As part of the State Implementation Program, UVM is receiving a two-year, $150,000 grant. Each of the 30 state-based Action Coalitions that have developed or made substantial progress toward implementing the IOM recommendations must obtain matching funds to receive the grant. The Freeman Foundation of Stowe, Vt., is supplying the match for Vermont’s grant.

“The diverse leadership of our Action Coalition and our focus on meaningful outcomes that improve care were key factors in Vermont being selected,” says Palumbo. “We are part of a powerful movement that is improving health care for all Americans. We are grateful to RWJF for this support, which will strengthen our work immeasurably.”

  • Palumbo notes that the state will focus on three primary areas with this grant – nursing leadership, nursing education, and nursing diversity. Specific efforts will include:The leadership initiative will work to ensure greater membership for nurses, with their unique perspective on health and wellness, on committees and boards in Vermont and nationwide involved with health care and health care reform by promoting and making available leadership training and mentoring.
  •  The education initiative plans to increase the proportion of nurses with baccalaureate in nursing degrees (BS or BSN) to 80% by 2022.  The BSN degree enables nurses to work in a greater variety of positions to support public health, and demonstrate greater flexibility of roles in the changing health care workplace.
  •  The third initiative seeks to create greater diversity in the nursing workforce in order to better serve Vermont communities which are experiencing ethnic and cultural changes.

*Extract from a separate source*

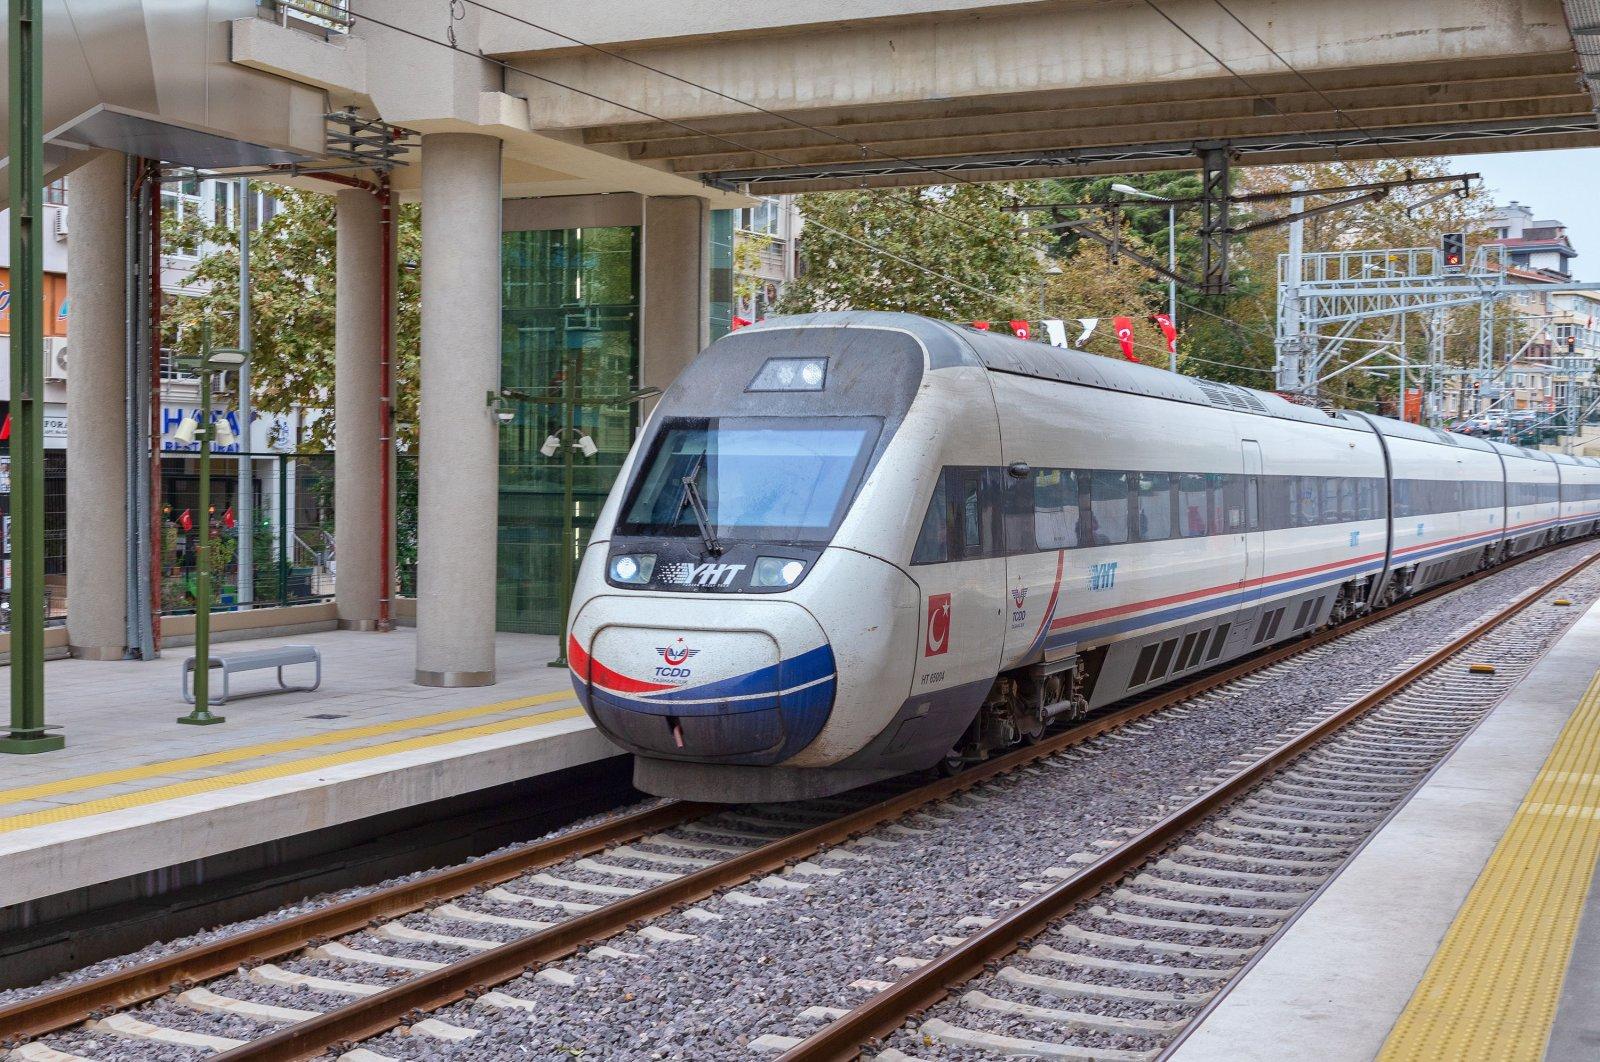 A high-speed train passes through the Bostancı neighborhood, Istanbul, Turkey, Oct. 31, 2019. (Shutterstock Photo)

“The Robert Wood Johnson Foundation grant fits perfectly with the 2012 recommendations of the Governor’s Blue Ribbon Commission,” says Carney. “I look forward to this exciting initiative, and the opportunity to help move this work forward, continuing to contribute my perspective in medicine and public health, as health reform changes are implemented nationally and in Vermont.”

Keep up-to-date on Vermont’s efforts here.

In addition to Vermont, grants announced in December 2013 include Alabama, Alaska, Arkansas, Illinois, Minnesota, Nevada, Ohio, South Carolina, and Virginia. The 20 states that received grants in February 2013 are: Colorado, Connecticut, Florida, Georgia, Iowa, Idaho, Kansas, Louisiana, Maryland, Michigan, Missouri, Mississippi, Nebraska, New Jersey, Pennsylvania, Rhode Island, Tennessee, Utah, Wisconsin, and Wyoming.

The Center to Champion Nursing in America (CCNA), an initiative of AARP, the AARP Foundation, and RWJF, serves as the national program office for the Future of Nursing State Implementation Program.

“This new program will help Action Coalitions get the strategic and technical support required to advance their goals,” says Susan Reinhard, Ph.D., R.N., senior vice president of the AARP Public Policy Institute and chief strategist at CCNA. “Our hope is that with this support, Vermont will be even more effective in improving health outcomes for patients, families, and communities.”

Palumbo also recently received a two-year, $149,966 Health Resources and Services Administration (HRSA) Advanced Nursing Education Grant to increase the percentage of nurses with a baccalaureate degree in Vermont and prepare nurses to lead change to advance health.

(This article was adapted from a press release produced by Meredith Courville, communications advisor for the Future of Nursing™ Campaign for Action.)